Mahkamah Agung Amerika Serikat (AS) kembali menuai sorotan setelah mengeluarkan putusan dalam kasus Louisiana v. Callais terkait gerrymandering. Putusan ini dinilai sebagai bukti ketidakjujuran pengadilan dalam menangani isu rasial di negara tersebut, menurut Kimberlé Crenshaw, profesor hukum di Universitas Columbia dan UCLA.
Crenshaw menegaskan bahwa keenam hakim konservatif di Mahkamah Agung sebenarnya memahami dampak buruk gerrymandering terhadap masyarakat kulit hitam di AS. Namun, mereka memilih untuk berpura-pura tidak mengetahui hal tersebut. Menurutnya, putusan ini merupakan bagian dari serangan sistematis terhadap kebijakan afirmasi, inklusivitas, dan upaya pengakuan terhadap ras serta rasisme di Amerika.
"Mereka tahu betul apa yang mereka lakukan, tetapi memilih untuk mengabaikan fakta demi kepentingan politik konservatif," ujar Crenshaw.
Lebih lanjut, Crenshaw membahas karyanya yang baru, "Backtalker", sebuah memoar yang mengupas proses pemikirannya dalam mengembangkan teori ras kritis dan interseksionalitas. Dalam buku tersebut, ia menjelaskan bagaimana kontroversi politik masa lalu dan saat ini semakin menegaskan pentingnya konsep-konsep tersebut dalam sistem hukum dan sosial.
Menurut Crenshaw, teori ras kritis dan interseksionalitas bukan sekadar teori akademis, melainkan alat untuk memahami dan melawan ketidakadilan struktural yang masih membelenggu masyarakat, terutama kelompok minoritas.
Putusan Mahkamah Agung dalam kasus Louisiana v.

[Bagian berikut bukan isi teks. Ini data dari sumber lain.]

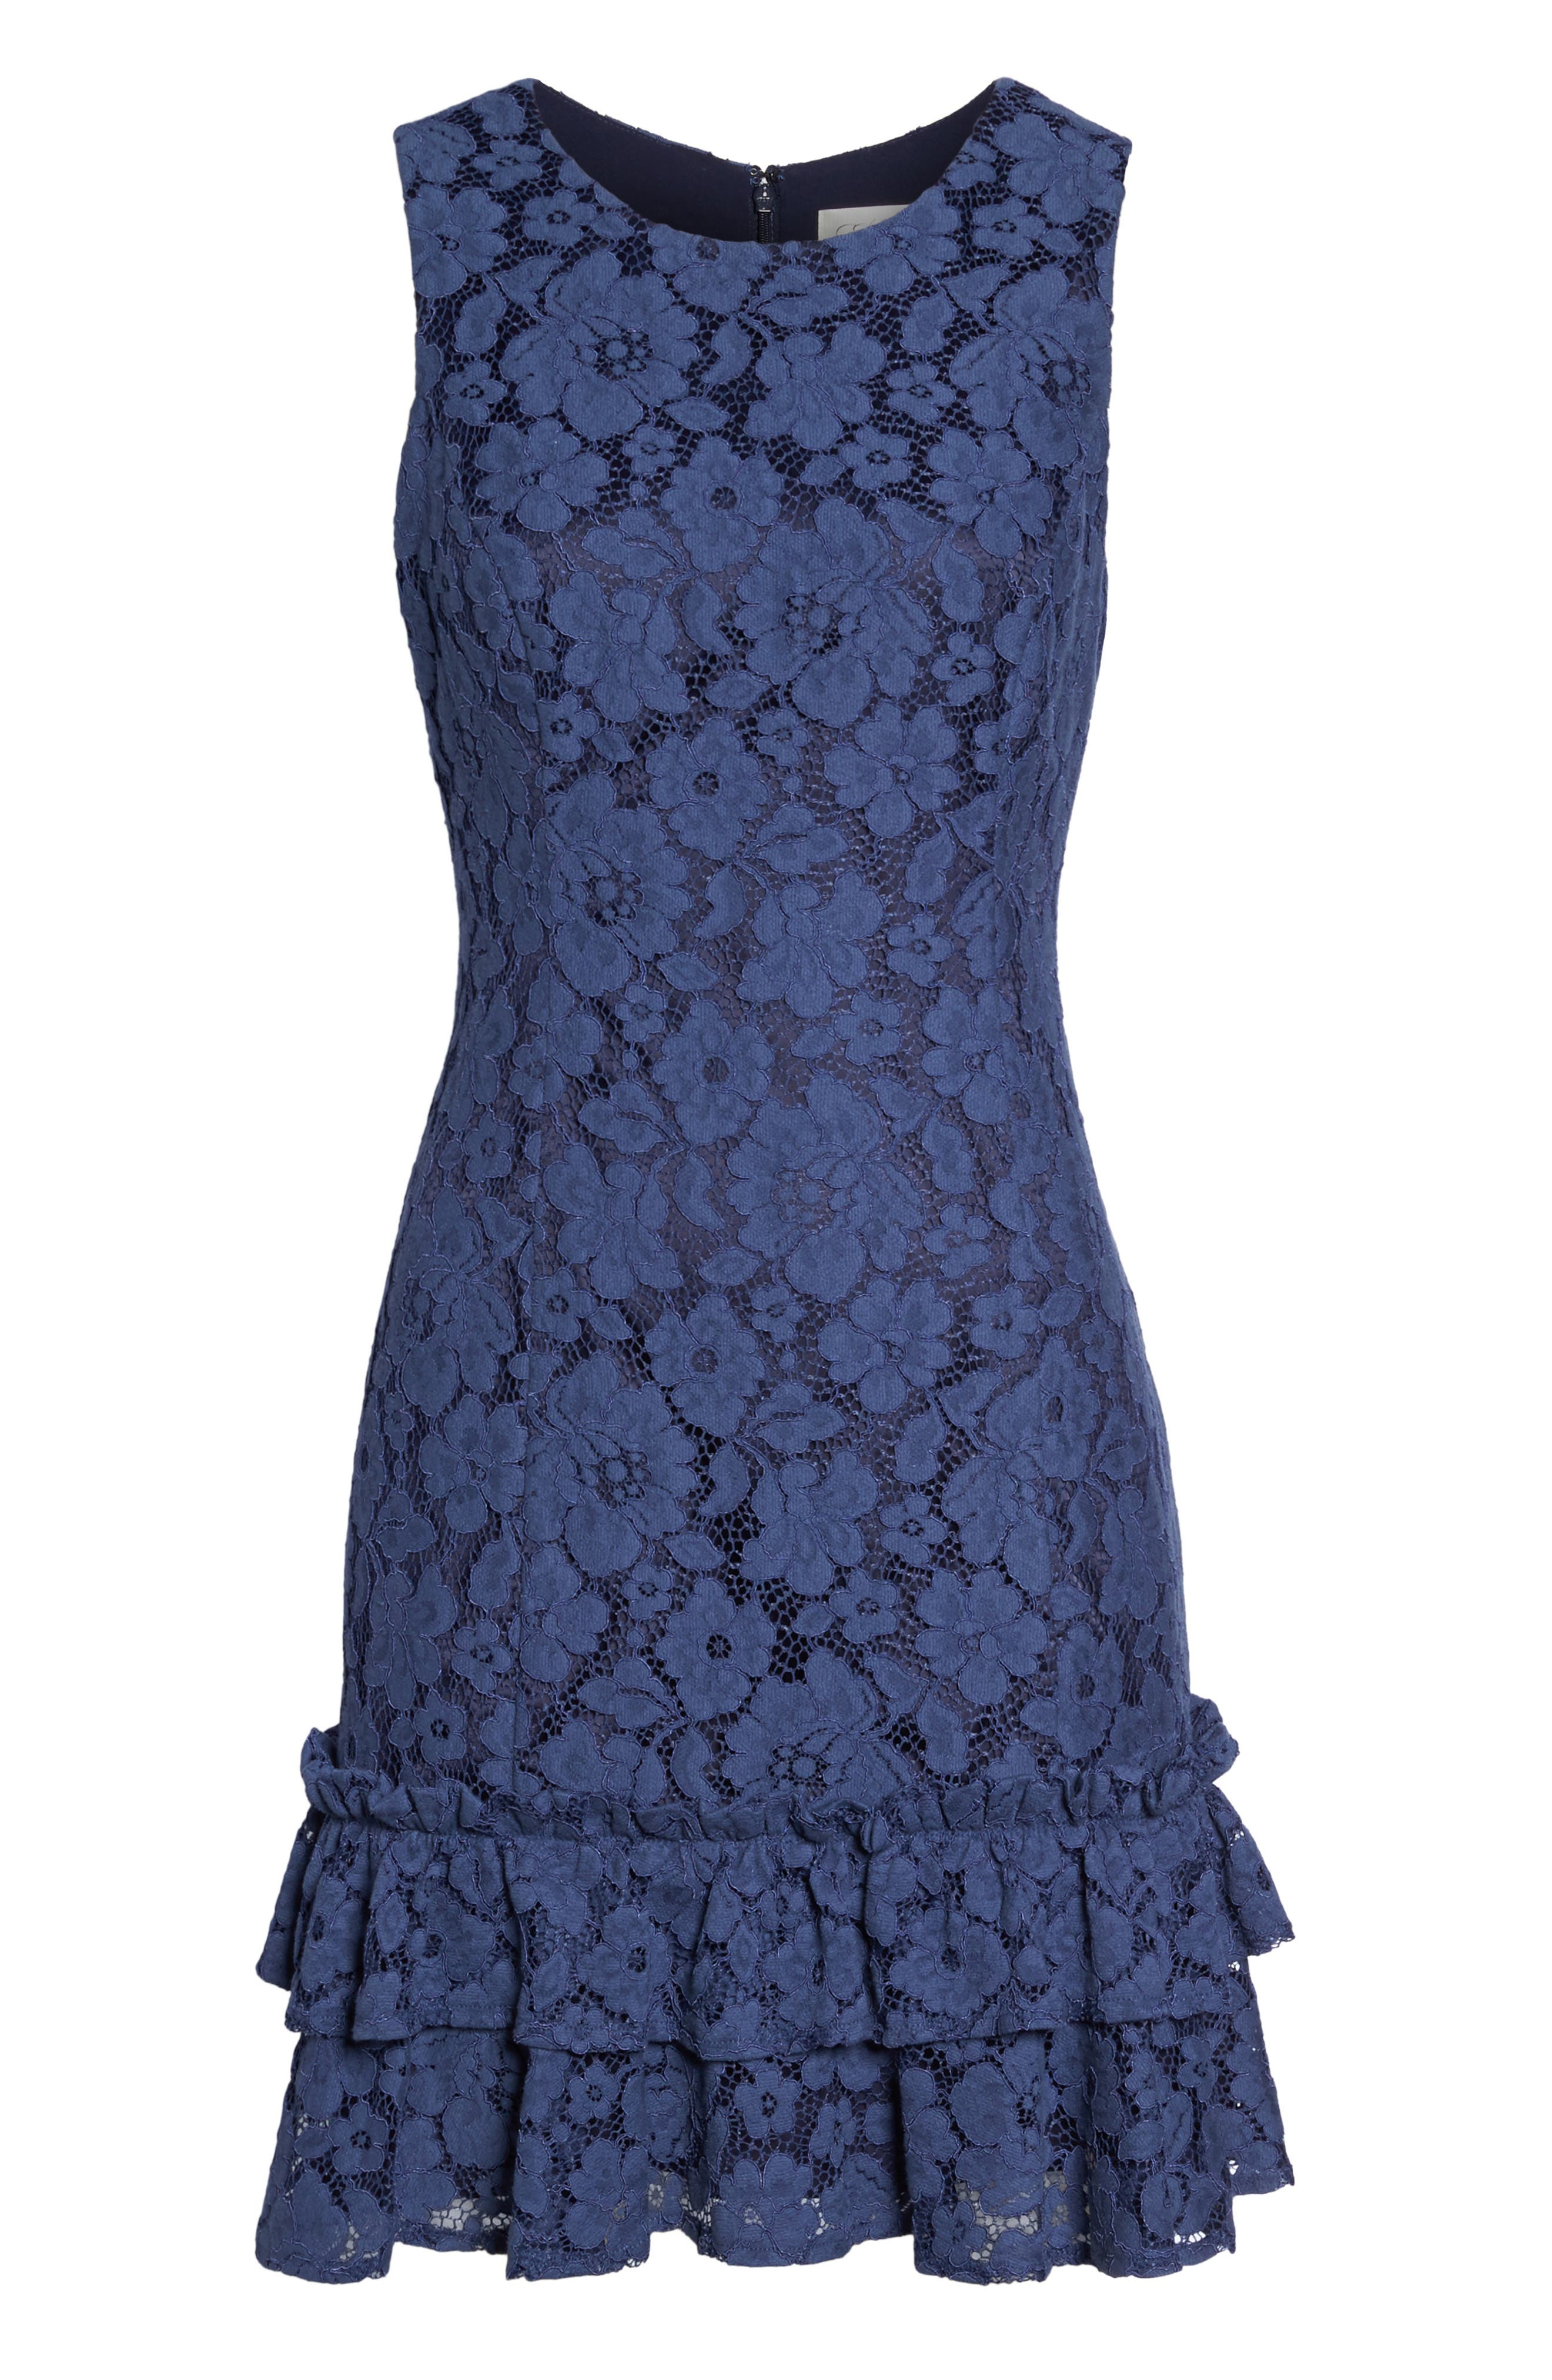 Ruffle Lace Sheath Dress,                             Alternate thumbnail 6, color,                             410

Callais sendiri dinilai sebagai langkah mundur dalam upaya mewujudkan keadilan rasial. Gerrymandering, yang merupakan praktik manipulasi batas wilayah pemilihan untuk menguntungkan satu kelompok politik, telah lama diketahui berdampak buruk terhadap representasi masyarakat kulit hitam di pemerintahan.

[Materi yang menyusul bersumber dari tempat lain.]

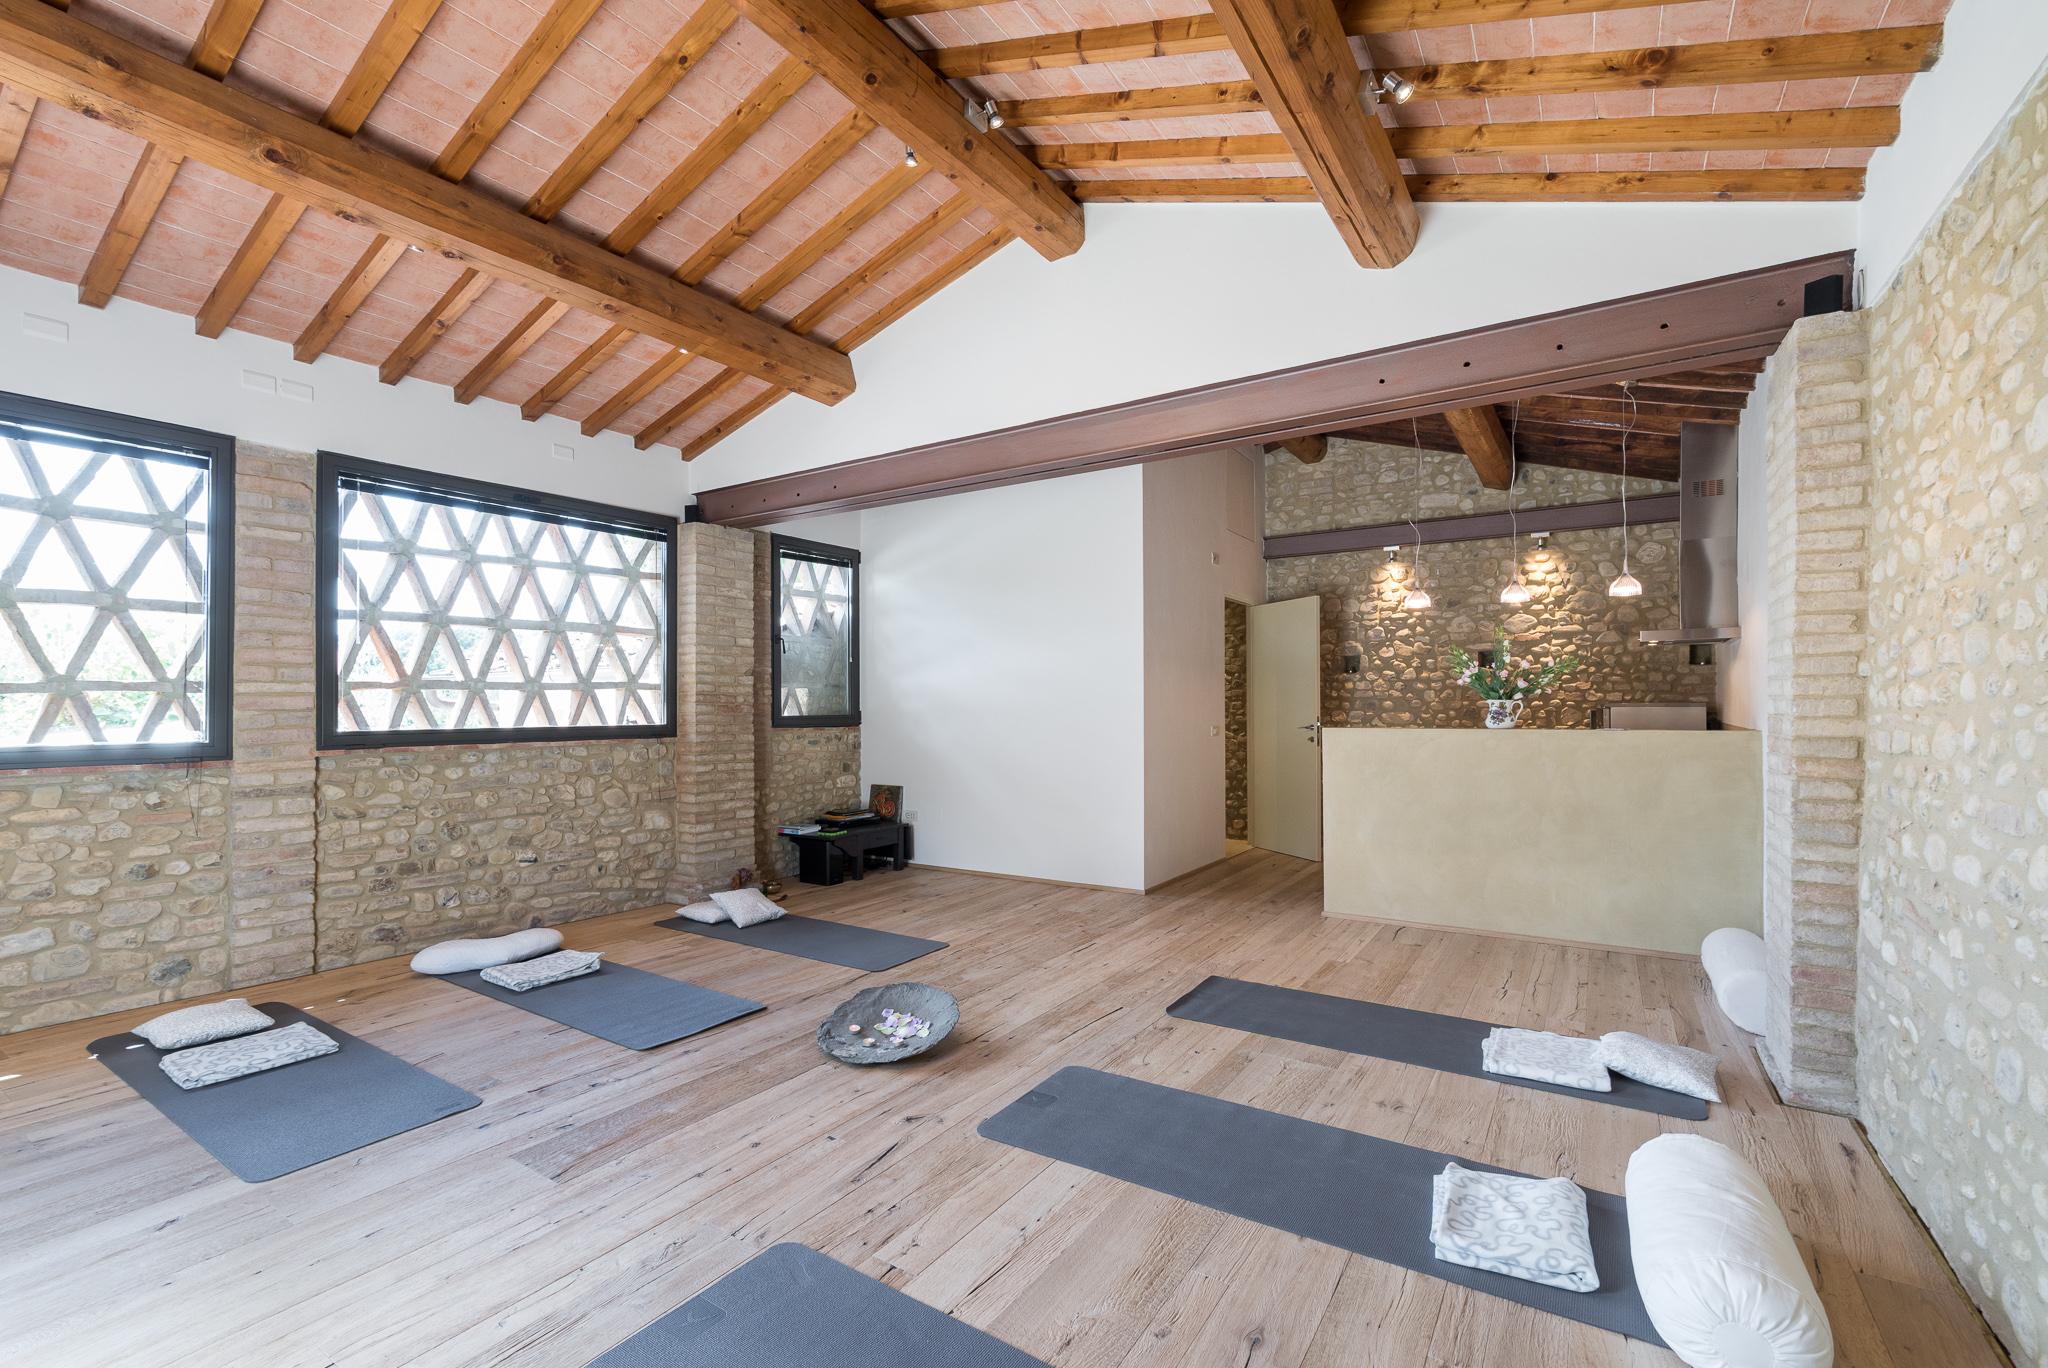 Fienile Yoga Shala

Crenshaw juga menyoroti bahwa serangan terhadap kebijakan afirmasi dan inklusivitas merupakan bagian dari strategi yang lebih luas untuk menghapuskan pengakuan terhadap rasisme sistemik di AS. "Ini bukan sekadar soal politik, tetapi juga soal bagaimana sejarah dan struktur kekuasaan terus meminggirkan kelompok tertentu," katanya.
Bagi banyak pengamat, putusan ini menegaskan kembali kecenderungan Mahkamah Agung yang semakin konservatif dalam menangani isu-isu sensitif, termasuk rasisme dan ketidaksetaraan.